Vereinzelt sitzen Grüppchen auf den Wiesen, sogar einige meiner Kommilitonen entdecke ich. Doch heute ist mir nicht nach Gesellschaft. Es mag nicht stimmen, dass ich an der Hausarbeit arbeiten muss – weil ich sie bereits fertig geschrieben habe -, trotzdem sollte ich nach Hause gehen. Ich brauche Ruhe und vielleicht wirklich einen Tee. Vermutlich werde ich mich mit einem der Kursbücher unter meiner Bettdecke vergraben und solange lernen, bis mir vor Müdigkeit die Augen zufallen.

»Cordeirinho?« Hurricane taucht direkt vor mir auf dem Kiesweg auf. Zunächst will ich die Augen verdrehen, doch eine leise schwache Stimme in meinem Inneren, flüstert mir mahnend zu, dass es da diesen Moment zwischen uns gegeben hat. Diesen Moment, als er mich in den Arm nahm und gewartet hat, bis ich aufhörte zu weinen. Dieser Moment, als er mich nach Hause gebracht hat und so völlig anders war, als ich gedacht hätte.

»Hallo Hurricane«, antworte ich deshalb. Er sieht erschöpft aus. Um seine Augen liegen dunkle Schatten und das allseits bekannte Lächeln ist nicht auffindbar. Mit gerunzelter Stirn und schief gelegtem Kopf sieht er mich an. Prüfend, forschend, wissbegierig. Fast wie ein Forschungsobjekt. Bin ich das für jeden Kerl? Ein Objekt? Vermutlich. Weil ich mich schließlich selbst dazu mache. Ich reduziere mich auf meine Reize, wenn es um Männer geht. Freiwillig.

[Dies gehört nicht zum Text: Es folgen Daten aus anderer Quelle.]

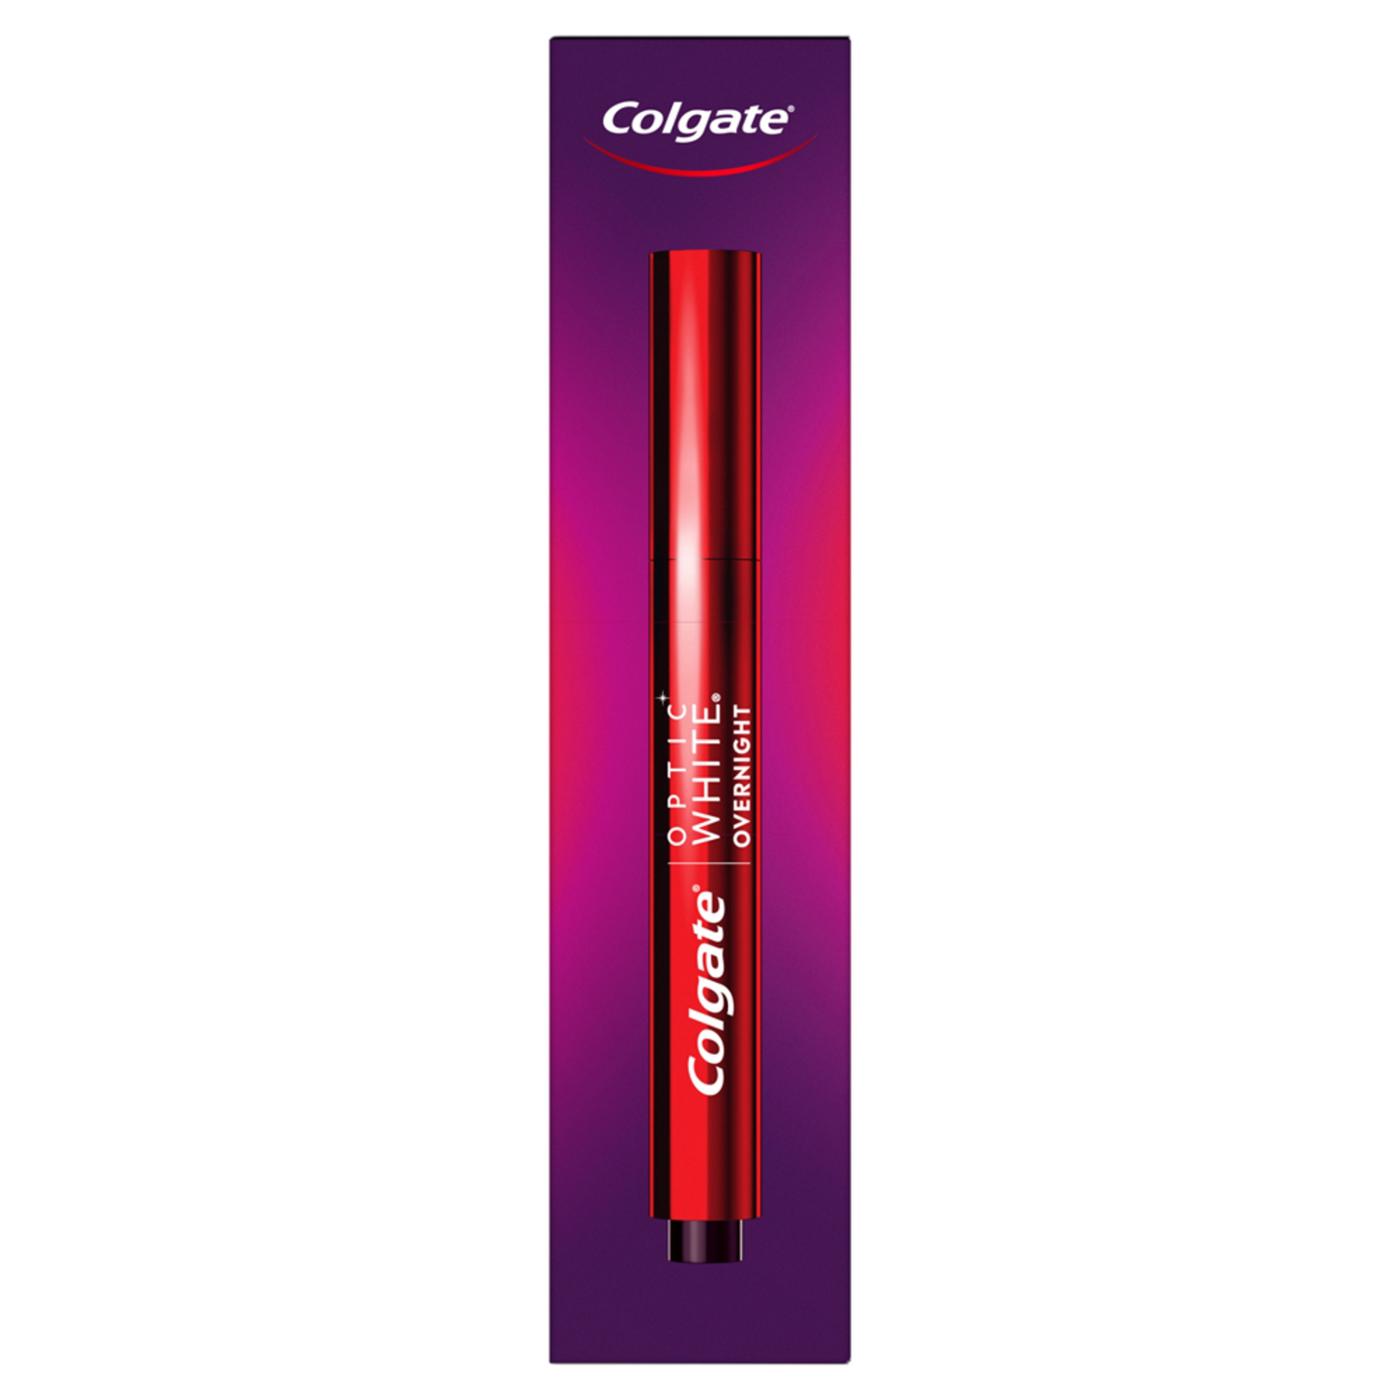 Colgate Optic White Overnight Teeth Whitening Pen; image 6 of 10

»Ist alles in Ordnung?« Seine Frage erstaunt mich, denn ich habe mit einem dummen Spruch gerechnet. Schließlich sehe ich fürchterlich aus. Meine Schminke ist durch das Meerwasser völlig verschwunden, meine Haare eine feuchte Katastrophe und vermutlich leuchten meine Augen ziemlich rot vom Weinen und dem Alkohol.

»Natürlich. Weshalb sollte nicht alles in Ordnung sein? Mir geht es gut. Ich bin auf dem Weg nach Hause«, rattere ich herunter. Schützend wickle ich das Strandtuch dichter um meinen Oberkörper. Hurricane quittiert diese Geste mit einer zuckenden Augenbraue. Noch immer stecken seine Hände in den Taschen seiner lockeren Sporthose, deren Enden um seine hübschen Knie schwingen. Hübsche Knie? Deus, Arla.